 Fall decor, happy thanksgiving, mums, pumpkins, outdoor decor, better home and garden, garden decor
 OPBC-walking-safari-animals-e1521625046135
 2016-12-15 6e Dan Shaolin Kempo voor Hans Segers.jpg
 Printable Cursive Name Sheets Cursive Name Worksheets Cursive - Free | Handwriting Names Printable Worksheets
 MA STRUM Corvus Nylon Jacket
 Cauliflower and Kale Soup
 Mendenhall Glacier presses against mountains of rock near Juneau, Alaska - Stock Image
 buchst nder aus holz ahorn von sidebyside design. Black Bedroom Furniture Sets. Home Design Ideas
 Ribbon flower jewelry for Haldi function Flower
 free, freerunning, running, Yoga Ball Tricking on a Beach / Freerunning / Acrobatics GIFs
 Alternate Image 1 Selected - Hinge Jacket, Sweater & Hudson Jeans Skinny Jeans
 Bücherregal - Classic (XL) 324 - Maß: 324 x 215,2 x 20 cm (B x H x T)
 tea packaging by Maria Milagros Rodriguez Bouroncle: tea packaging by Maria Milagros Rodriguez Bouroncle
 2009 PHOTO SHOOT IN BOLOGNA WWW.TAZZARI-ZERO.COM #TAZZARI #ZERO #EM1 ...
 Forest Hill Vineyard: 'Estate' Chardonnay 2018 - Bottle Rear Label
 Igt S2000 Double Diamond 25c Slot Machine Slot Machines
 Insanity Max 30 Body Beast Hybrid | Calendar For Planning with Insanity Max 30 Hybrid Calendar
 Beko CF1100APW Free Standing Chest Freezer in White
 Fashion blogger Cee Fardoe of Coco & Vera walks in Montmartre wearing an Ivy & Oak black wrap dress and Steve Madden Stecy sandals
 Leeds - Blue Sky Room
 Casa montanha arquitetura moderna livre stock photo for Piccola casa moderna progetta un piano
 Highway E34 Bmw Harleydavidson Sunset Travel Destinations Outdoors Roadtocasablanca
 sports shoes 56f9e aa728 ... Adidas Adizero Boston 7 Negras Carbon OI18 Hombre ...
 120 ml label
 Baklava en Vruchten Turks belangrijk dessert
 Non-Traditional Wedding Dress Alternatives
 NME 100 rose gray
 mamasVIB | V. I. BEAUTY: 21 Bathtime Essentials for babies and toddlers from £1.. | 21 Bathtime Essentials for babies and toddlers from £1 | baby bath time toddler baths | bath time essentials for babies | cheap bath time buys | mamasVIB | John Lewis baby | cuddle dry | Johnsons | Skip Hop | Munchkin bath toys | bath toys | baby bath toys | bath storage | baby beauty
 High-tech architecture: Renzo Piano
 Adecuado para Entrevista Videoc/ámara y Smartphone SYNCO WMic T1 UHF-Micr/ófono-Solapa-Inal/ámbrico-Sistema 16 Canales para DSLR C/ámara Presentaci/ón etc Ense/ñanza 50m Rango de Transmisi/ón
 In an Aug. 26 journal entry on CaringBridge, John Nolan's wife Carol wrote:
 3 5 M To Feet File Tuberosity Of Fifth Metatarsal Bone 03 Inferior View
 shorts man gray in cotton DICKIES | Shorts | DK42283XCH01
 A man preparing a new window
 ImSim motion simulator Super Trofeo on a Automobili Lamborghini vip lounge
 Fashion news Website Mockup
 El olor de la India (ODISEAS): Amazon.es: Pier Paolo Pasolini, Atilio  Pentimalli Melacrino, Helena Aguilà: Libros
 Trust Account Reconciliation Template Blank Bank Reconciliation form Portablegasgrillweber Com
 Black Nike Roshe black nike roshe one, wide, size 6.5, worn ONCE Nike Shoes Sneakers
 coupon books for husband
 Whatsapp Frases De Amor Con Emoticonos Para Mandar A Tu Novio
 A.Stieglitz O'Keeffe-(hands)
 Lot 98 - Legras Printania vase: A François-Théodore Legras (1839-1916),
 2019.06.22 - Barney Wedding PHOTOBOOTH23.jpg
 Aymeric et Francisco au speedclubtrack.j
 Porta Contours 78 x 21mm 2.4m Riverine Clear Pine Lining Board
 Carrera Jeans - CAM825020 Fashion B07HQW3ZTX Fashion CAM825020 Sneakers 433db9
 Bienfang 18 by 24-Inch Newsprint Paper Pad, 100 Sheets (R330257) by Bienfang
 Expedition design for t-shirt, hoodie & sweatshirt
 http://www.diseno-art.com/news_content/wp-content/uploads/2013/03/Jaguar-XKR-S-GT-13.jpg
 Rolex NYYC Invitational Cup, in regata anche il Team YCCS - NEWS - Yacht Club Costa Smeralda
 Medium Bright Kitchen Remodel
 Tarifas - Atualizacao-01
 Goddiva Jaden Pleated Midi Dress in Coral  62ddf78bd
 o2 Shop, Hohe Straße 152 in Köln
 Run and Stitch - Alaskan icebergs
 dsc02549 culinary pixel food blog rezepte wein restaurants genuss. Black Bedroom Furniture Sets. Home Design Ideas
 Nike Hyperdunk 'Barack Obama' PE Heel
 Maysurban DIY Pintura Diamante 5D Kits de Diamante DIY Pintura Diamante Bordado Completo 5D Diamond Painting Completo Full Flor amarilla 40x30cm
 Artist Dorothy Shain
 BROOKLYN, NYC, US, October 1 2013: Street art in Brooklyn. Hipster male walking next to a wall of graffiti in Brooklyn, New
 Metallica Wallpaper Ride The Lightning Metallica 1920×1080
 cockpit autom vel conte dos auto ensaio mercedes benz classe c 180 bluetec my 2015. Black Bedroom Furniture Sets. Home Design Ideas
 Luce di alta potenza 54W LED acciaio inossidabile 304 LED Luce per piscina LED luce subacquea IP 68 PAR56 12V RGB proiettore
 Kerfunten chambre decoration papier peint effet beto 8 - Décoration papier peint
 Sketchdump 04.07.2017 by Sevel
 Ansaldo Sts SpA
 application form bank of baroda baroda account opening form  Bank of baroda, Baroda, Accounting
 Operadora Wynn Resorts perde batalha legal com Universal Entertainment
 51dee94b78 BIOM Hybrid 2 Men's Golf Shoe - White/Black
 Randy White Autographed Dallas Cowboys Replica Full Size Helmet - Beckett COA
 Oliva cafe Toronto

### [Task brief]
Look above for the line holding "El olor de la". Print it and every line after it, exactly, through the line holding "Porta Contours 78".

### [The answer]
 El olor de la India (ODISEAS): Amazon.es: Pier Paolo Pasolini, Atilio  Pentimalli Melacrino, Helena Aguilà: Libros
 Trust Account Reconciliation Template Blank Bank Reconciliation form Portablegasgrillweber Com
 Black Nike Roshe black nike roshe one, wide, size 6.5, worn ONCE Nike Shoes Sneakers
 coupon books for husband
 Whatsapp Frases De Amor Con Emoticonos Para Mandar A Tu Novio
 A.Stieglitz O'Keeffe-(hands)
 Lot 98 - Legras Printania vase: A François-Théodore Legras (1839-1916),
 2019.06.22 - Barney Wedding PHOTOBOOTH23.jpg
 Aymeric et Francisco au speedclubtrack.j
 Porta Contours 78 x 21mm 2.4m Riverine Clear Pine Lining Board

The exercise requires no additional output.